Book Synopsis Handbook on Knowledge Management 1 by : Clyde Holsapple
Download or read book Handbook on Knowledge Management 1 written by Clyde Holsapple and published by Springer Science & Business Media. This book was released on 2004-01-14 with total page 740 pages. Available in PDF, EPUB and Kindle. Book excerpt: As the most comprehensive reference work dealing with knowledge management (KM), this work, consisting of 2 volumes, is essential for the library of every KM practitioner, researcher, and educator. Written by an international array of KM luminaries, its approx. 60 chapters approach knowledge management from a wide variety of perspectives ranging from classic foundations to cutting-edge thought, informative to provocative, theoretical to practical, historical to futuristic, human to technological, and operational to strategic. Novices and experts alike will refer to the authoritative and stimulating content again and again for years to come.

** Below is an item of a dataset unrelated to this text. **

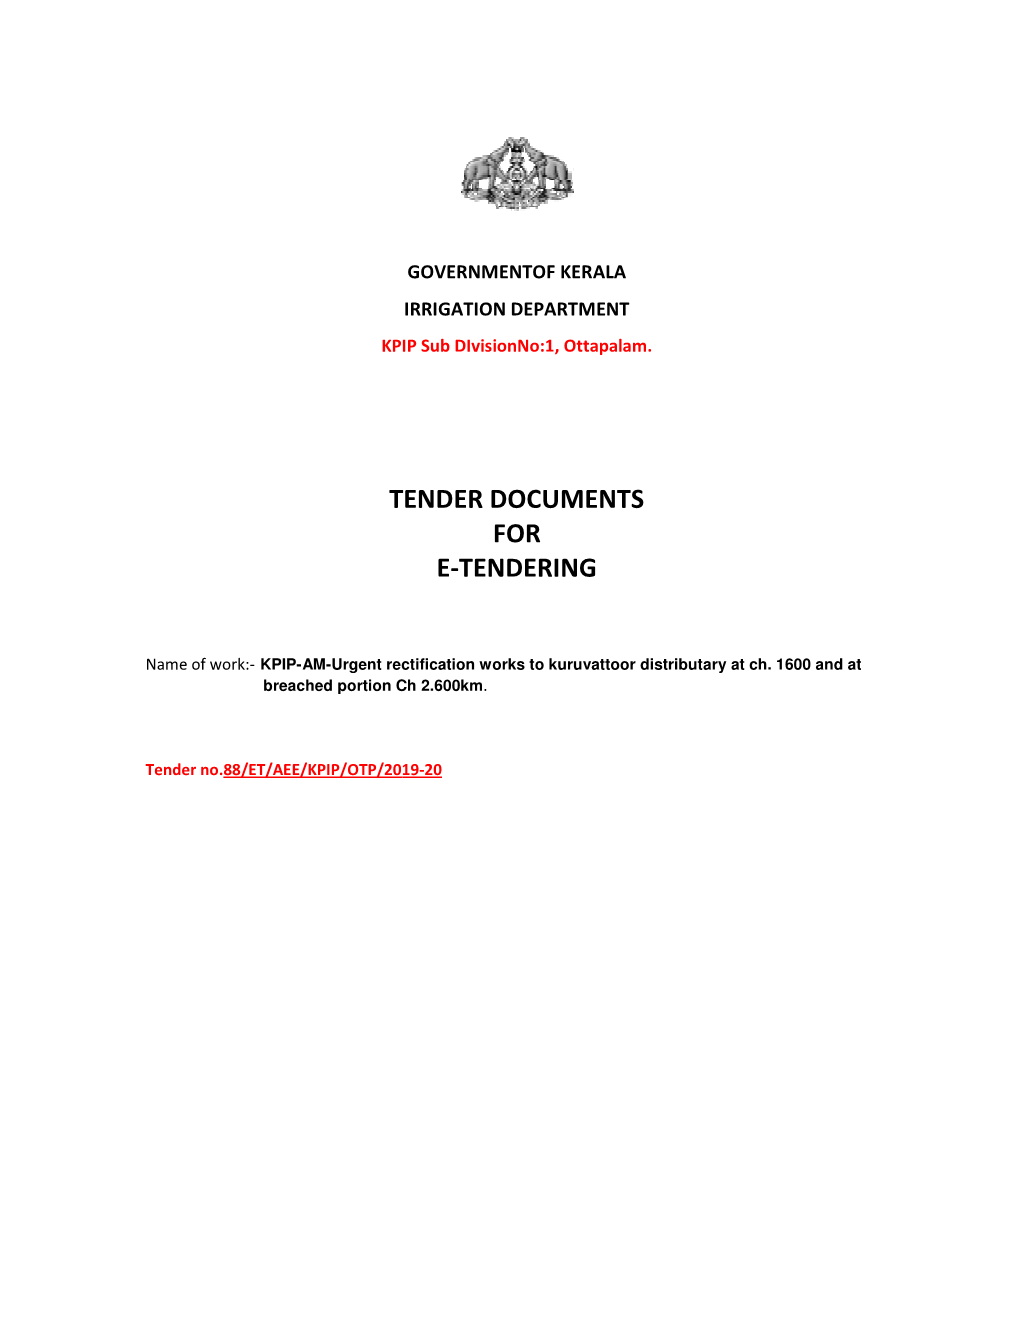 Tender Docu Tender Documents for E-Tendering

Download or read book The Talking Greeks written by John Heath and published by Cambridge University Press. This book was released on 2005-05-12 with total page 402 pages. Available in PDF, EPUB and Kindle. Book excerpt: When considering the question of what makes us human, the ancient Greeks provided numerous suggestions. This book argues that the defining criterion in the Hellenic world, however, was the most obvious one: speech. It explores how it was the capacity for authoritative speech which was held to separate humans from other animals, gods from humans, men from women, Greeks from non-Greeks, citizens from slaves, and the mundane from the heroic. John Heath illustrates how Homer's epics trace the development of immature young men into adults managing speech in entirely human ways and how in Aeschylus' Oresteia only human speech can disentangle man, beast, and god. Plato's Dialogues are shown to reveal the consequences of Socratically imposed silence. With its examination of the Greek focus on speech, animalization, and status, this book offers new readings of key texts and provides significant insights into the Greek approach to understanding our world.